Ireland’s finance minister, Brian Lenihan, told RTE radio on Tuesday that it was “galling to think” that at a time when taxpayers were investing in the bank, 36 million to 40 million euros “would be paid out of that bank to employees in respect to bonuses during a period that the bank got itself into the difficulties it is now in.”
The bank has already received 3.5 billion euros in government aid.
The ministry acted after months of public outrage over the bonuses to be paid to 2,400 senior bank managers at a time when Ireland was seeking an international bailout of 85 billion euros, largely because of weaknesses in its banking sector. In a letter Monday to the Allied Irish board, Mr. Lenihan said that further cash injections by the government — which the bank desperately needs — were dependent on the condition that no bonuses be paid.
“The provision of further state funding to A.I.B. will be conditional, inter alia, on the nonpayment of any bonuses, no matter when they may have been earned,” Mr. Lenihan wrote. He told the cabinet at a meeting Tuesday that the provision on the bonuses would be added to a bank restructuring bill being discussed.
The legislation, which is to be debated by lawmakers on Wednesday and could take effect by the end of the week, would allow the government to shrink the banks and restructure the financial sector.
Some analysts were quick to ask why it took the government so long to step in.

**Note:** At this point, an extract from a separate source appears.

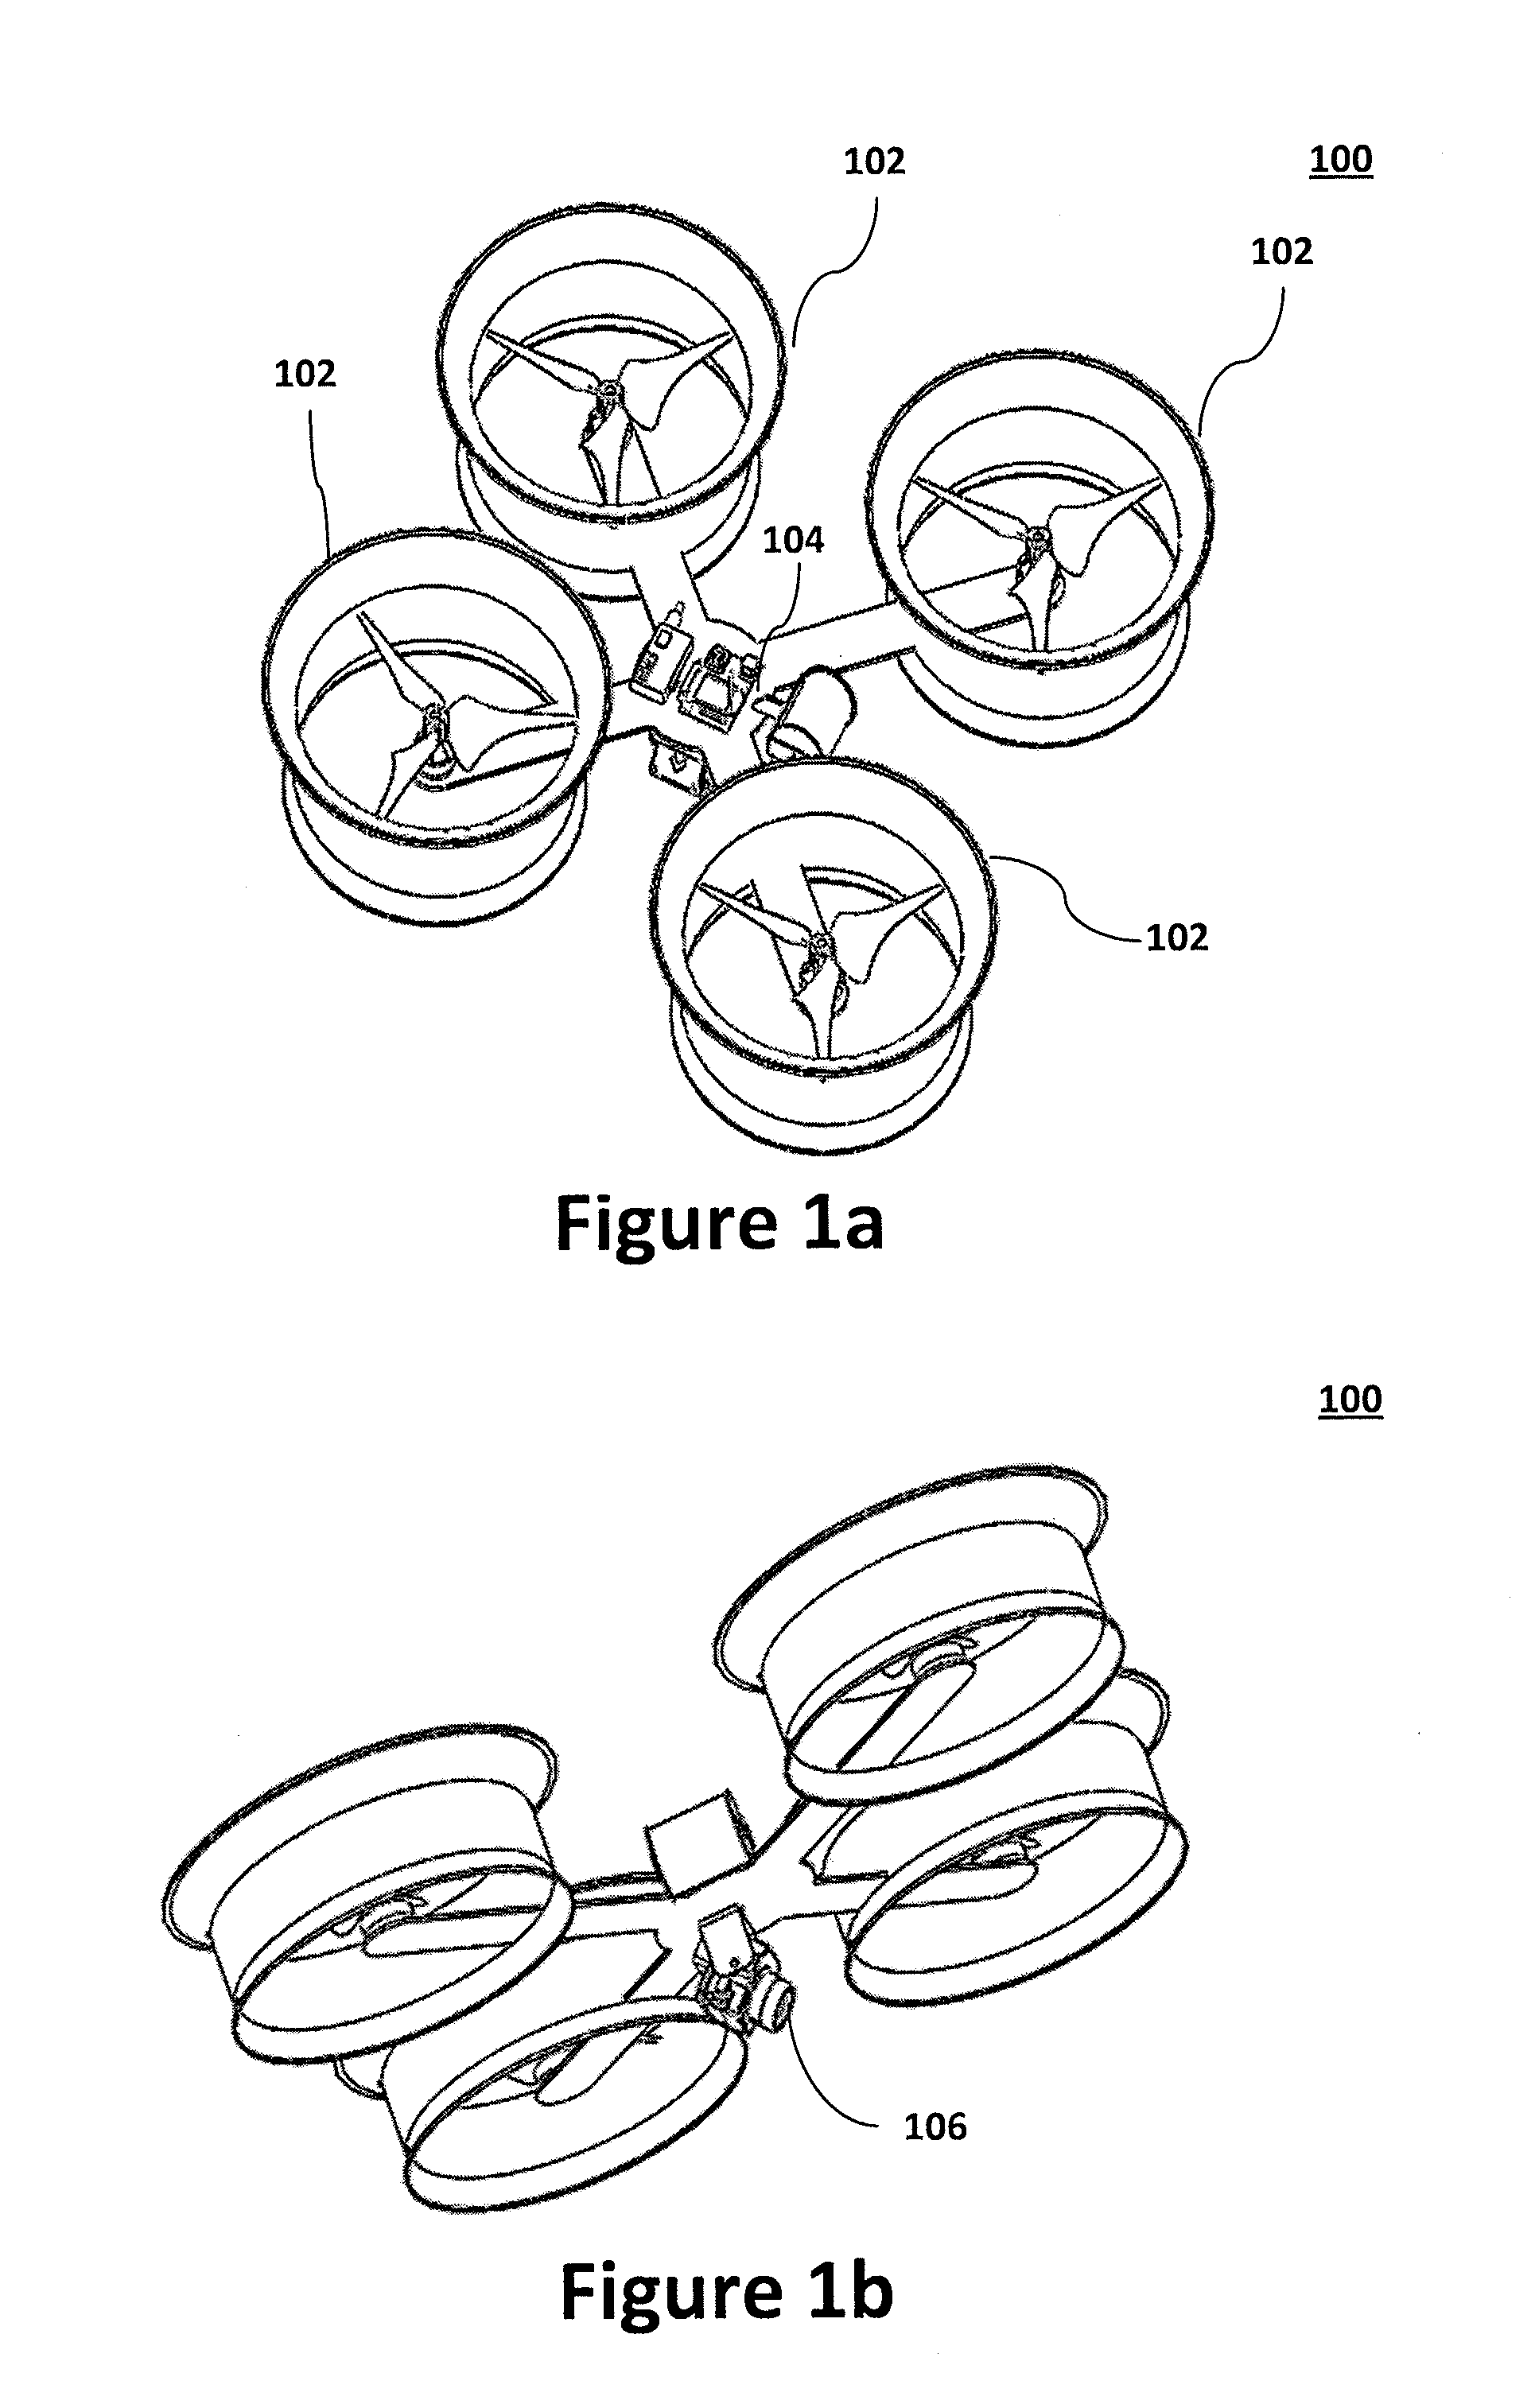 Tethered aerial system for data gathering

Mr. Lenihan said the government first had to consider several options, including the introduction of a special tax on the bonuses.
“Without a measure of public acceptance, no government could provide support for the banks on the scale needed,” Mr. Lenihan wrote to the Allied Irish Banks board. “The bank could not have continued to operate without this financial support and the employees claiming the bonuses would almost certainly have had their employment contracts terminated.”